Hello everybody,
I started working with Nanopore, and it produces VCF outputs for SNV/SV/CNV/STR and BedMethyl format for modified nucleotides. I wanted to know if there's any reason (other than perhaps practicality) why these VCFs aren't grouped together, and if there's a tool that converts Bedmethyl to VCF?
This is two questions, which I'll answer separately:
Question 1: Why not have a big unified VCF containing all of SNV/SV/CNV/STR?
Almost all of the downstream applications of these disparate data types are different enough that they require separate dedicated software. Even variant annotation differs a lot. It's great that the VCF spec provides an interchange format for representing these (much better than every SV or CNV caller having its own special format), but in practice it's better to keep the files separate.
(IGV might be able to load a VCF with different variant types in it; I haven't tried. My intuition is that it might also have separate parsers and visualization code under the hood for each different type.)

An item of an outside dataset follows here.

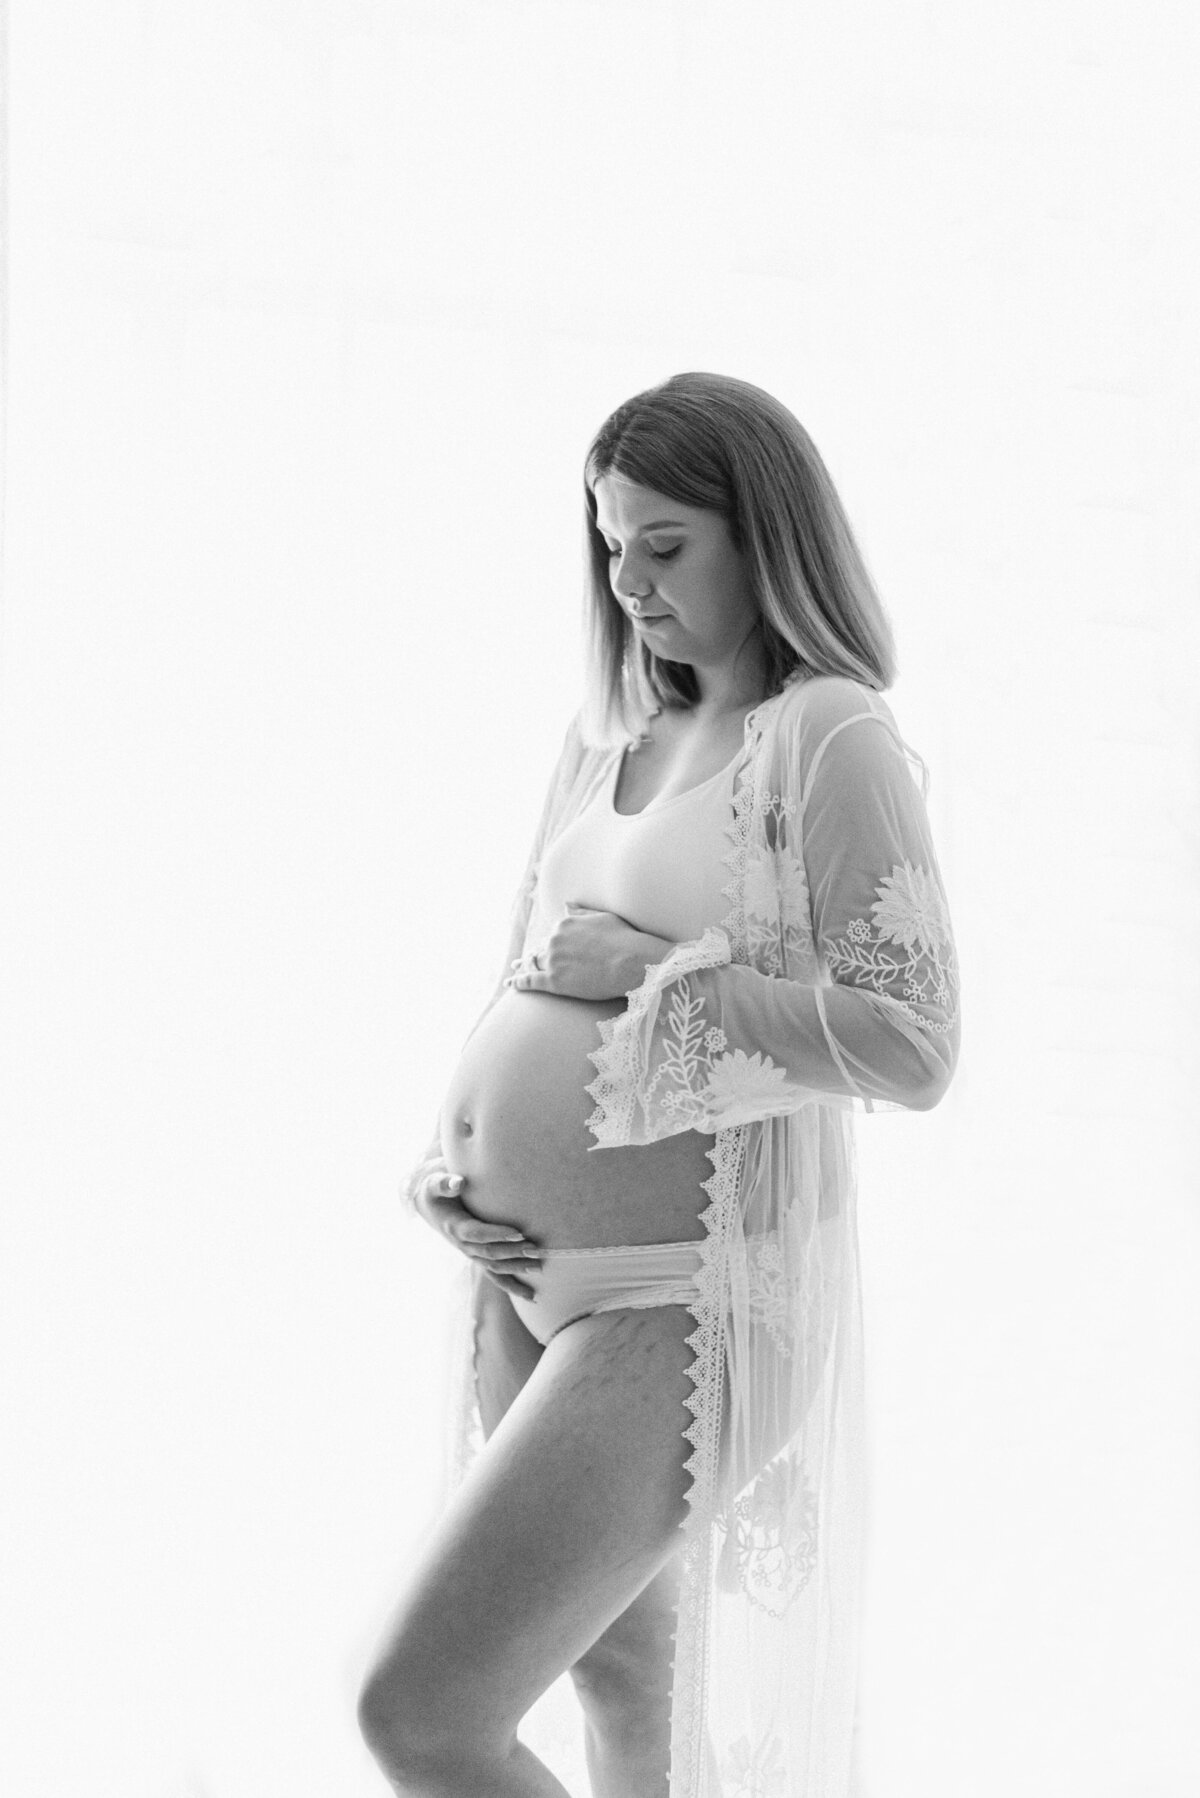 A expecting women holding her bump in all white Billingshurst maternity photography studio

Question 2: Is there a tool that converts Bedmethyl to VCF?
I'm fairly certain there is not -- I'm not aware of any existing or planned support for base modifications in the VCF spec. You could probably hack something together with awk or similar, but nothing would be able to read it.
It is frustrating that there still isn't a standard for representing base modification counts, but bedmethyl isn't a bad format as these go.